Friday, October 30, 2009

City of Joy



This fell out from the back cover of my bible the other day. I've had it sitting on my desk since then. There are two sets of twins that usually sit with me during church, two boys, two girls. One of the girls, Dorris, gave this to me. It's a map, but the most beautiful map. And that she called it "City of Joy" creates some inarticulate feeling akin to wonder. I don't feel like I have anything else I can form into words.

Tuesday, October 27, 2009

If wishes were horses, more beggars would ride them.

Ah, disappointment. How bitter you taste and how you linger in the back of my throat. Especially after the sweet whiff of possible freedom and success.

There was an internship at Merit Motion Pictures, a documentary company, I applied for this weekend. It looked absolutely perfect. An 18 week internship with full time hours, and a pay of 12,000 for the load. It involved mostly working with their website, organizing their database, and learning how to work in a production company. My hopes were high. I even have a friend in the company, so the odds were looking good.

The interview this morning wasn't perfect, but I thought it went well. However, the rest of the day I was playing it over in my mind. I should have said that instead. Why did I say that? Did I talk over her there? Did she notice? Each small error got it's own part starring on the stage of my mind in a play of second guess with a with a run of 1500 shows. Needless to say I was a little preoccupied all day.

They were to let me know tomorrow morning, but the email came tonight. They decided to go with someone else. I feel so very defeated. Mostly because I feel that it was my own doings in the interview that lost me the position. There is no consolation but a job. I'm going to go to bed and sleep off this sour mood.

I feel like this today. Melancholic and not making complete sense.

Tuesday, October 20, 2009

Extract from a romance which is not yet written and probably never will be

To a Modern Poet by GK Chesterton
(The resolution for some reason is very low, so click on them to see them in their full and readable form.)



Books touch that deep down part of me that you might refer as my inner child. They get me excited. It's not just the reading of them, but the tactile experience of them. The crinkle of the pages, the slight grain of the paper rubbing up against the tips of your fingers as you pass your hand over it, and in the case of old books, the smell of history that only something of past generations has. This is a love affair that has been going on for some time.

This past weekend I struck gold. It has become a habit of mine when going into any used book store, as I can often be found doing, to ask if they have any Chesterton. Most often they will have a copy of "The Man Who Was Thursday" or some of the Father Brown collection, both of which I purchased long ago. It just so happened this time that they had a copy of collected poems by Mr Chesterton himself. A first edition printing of "The Collected Poems of Gilbert Keith Chesterton" from 1927 in surprisingly great condition for being over 80 years old. When the owner of the bookstore handed me the book I was positively giddy and the story of the pearl of great price kept running through my head. Thankfully it only cost $25, a steal for such a valuable pearl.

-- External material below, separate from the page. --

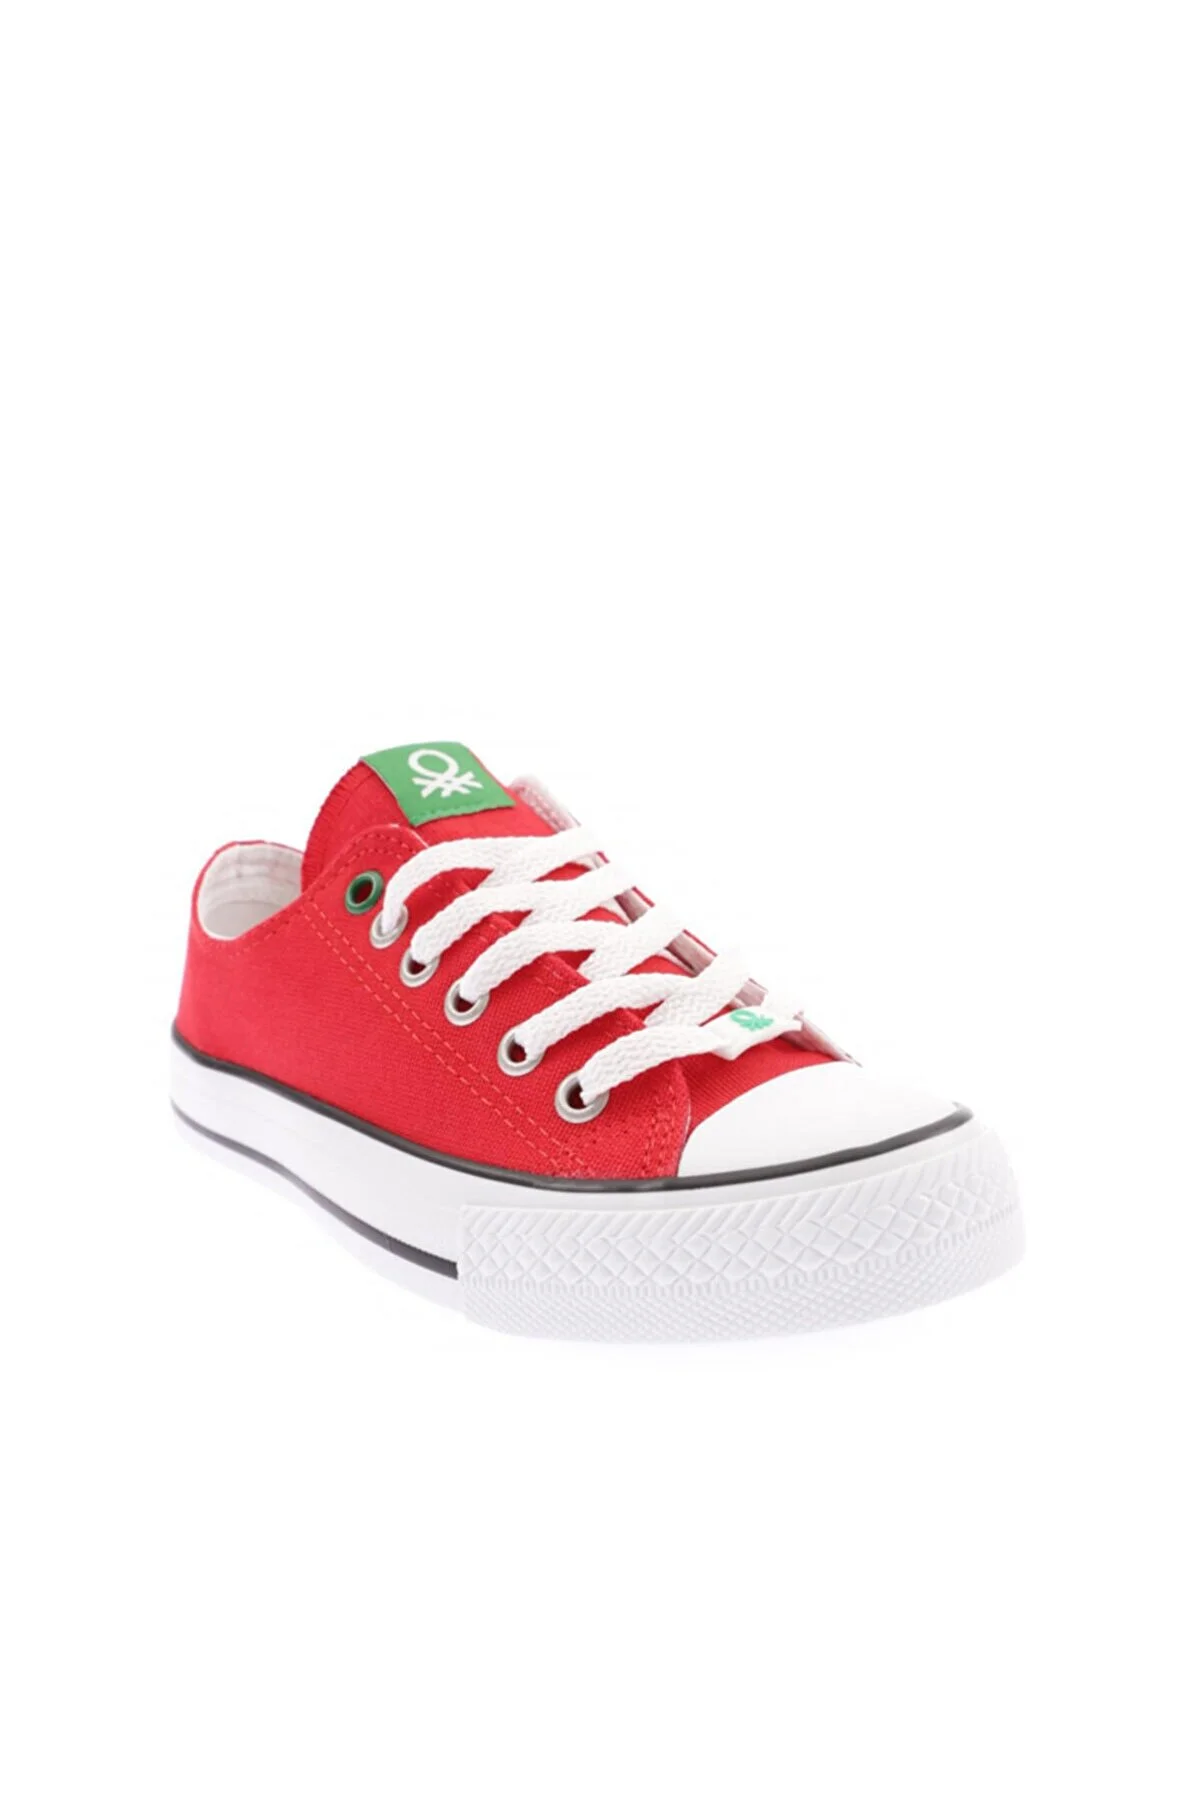 Kadın Spor ayakkabı-BN-30196-Kırmızı - Thumbnail
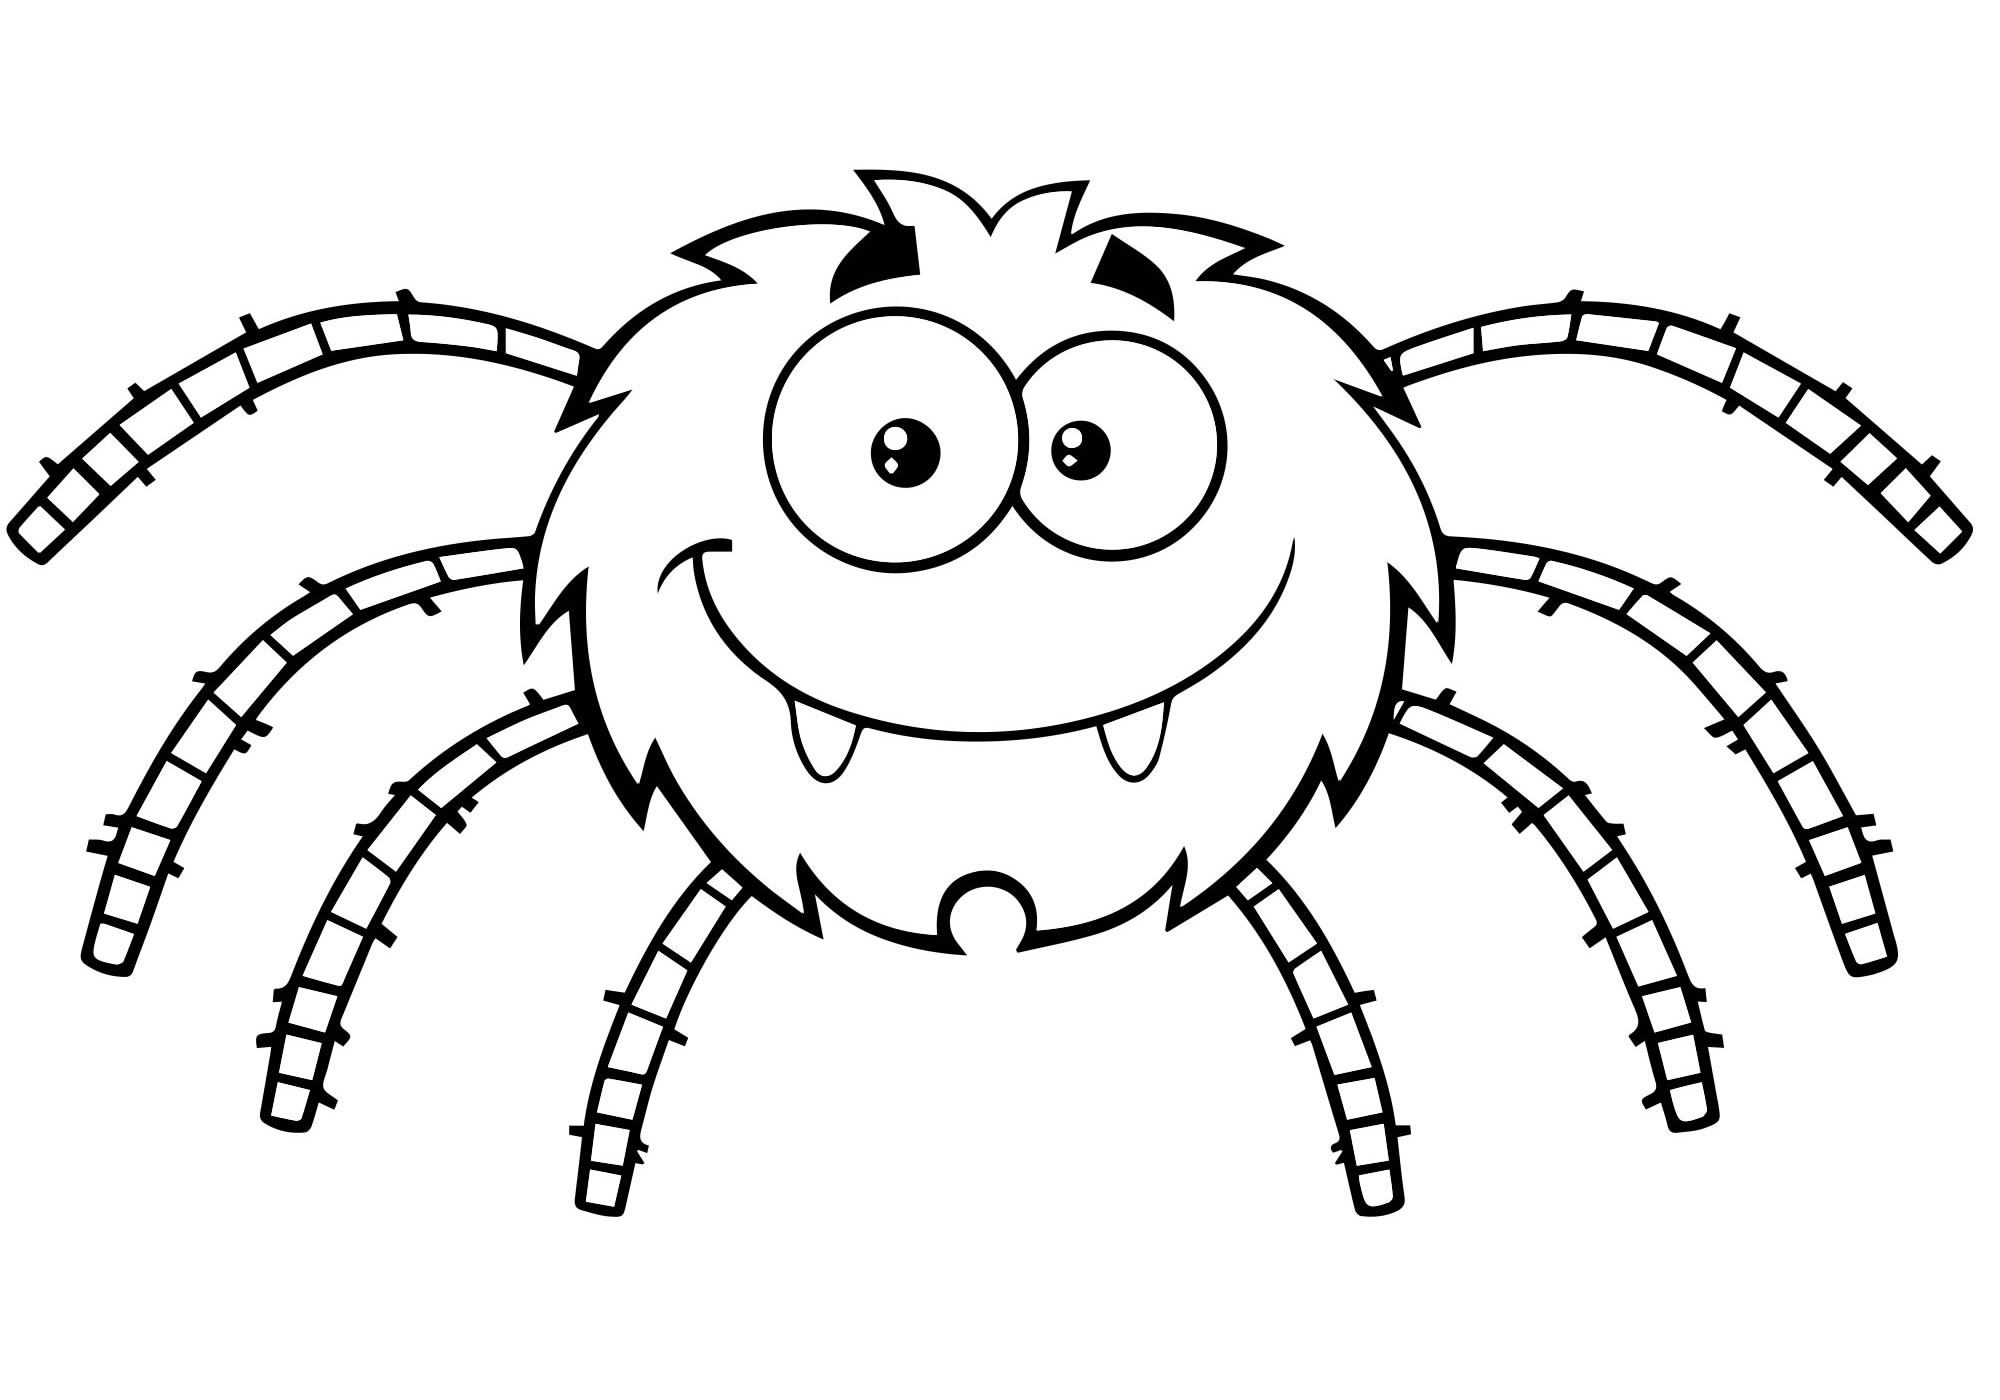 Фото Книжка раскраска паук, более 22 качественных бесплатных стоковых фото

The book held more treasure than I could have guessed. Beyond the accidentally unevenly weighted text on the rough cloth paper pages, included were newspaper clippings from the 20's and 30's. Some about the book, some not. (I love the typo in the second paragraph of this one where they refer to him as Mr Chesterfield.)



DEH Cleveland MD, the previous own of the book whose claim to the copy was found on the inside cover also left notes throughout the book. It is interesting to see what moved this total stranger, but fellow Chesterton lover. Looking through the book it is fascinating to see what poems he marked off with a short line in pencil beside the title. It feels like a strange connection to some person I have no real connection to. It is like I am privy to the ruminating and thoughts of a stranger, an odd sort of voyeurism.



I found this photo in there as well. No markings on it to say who is in the photo. Is this his mother holding his son? Perhaps, it is his grandmother holding him when he was a child. It is left to the imagination to tell the story and fill in the gaps.

A treasure of a book, and I look forward to reading each of it's 356 pages.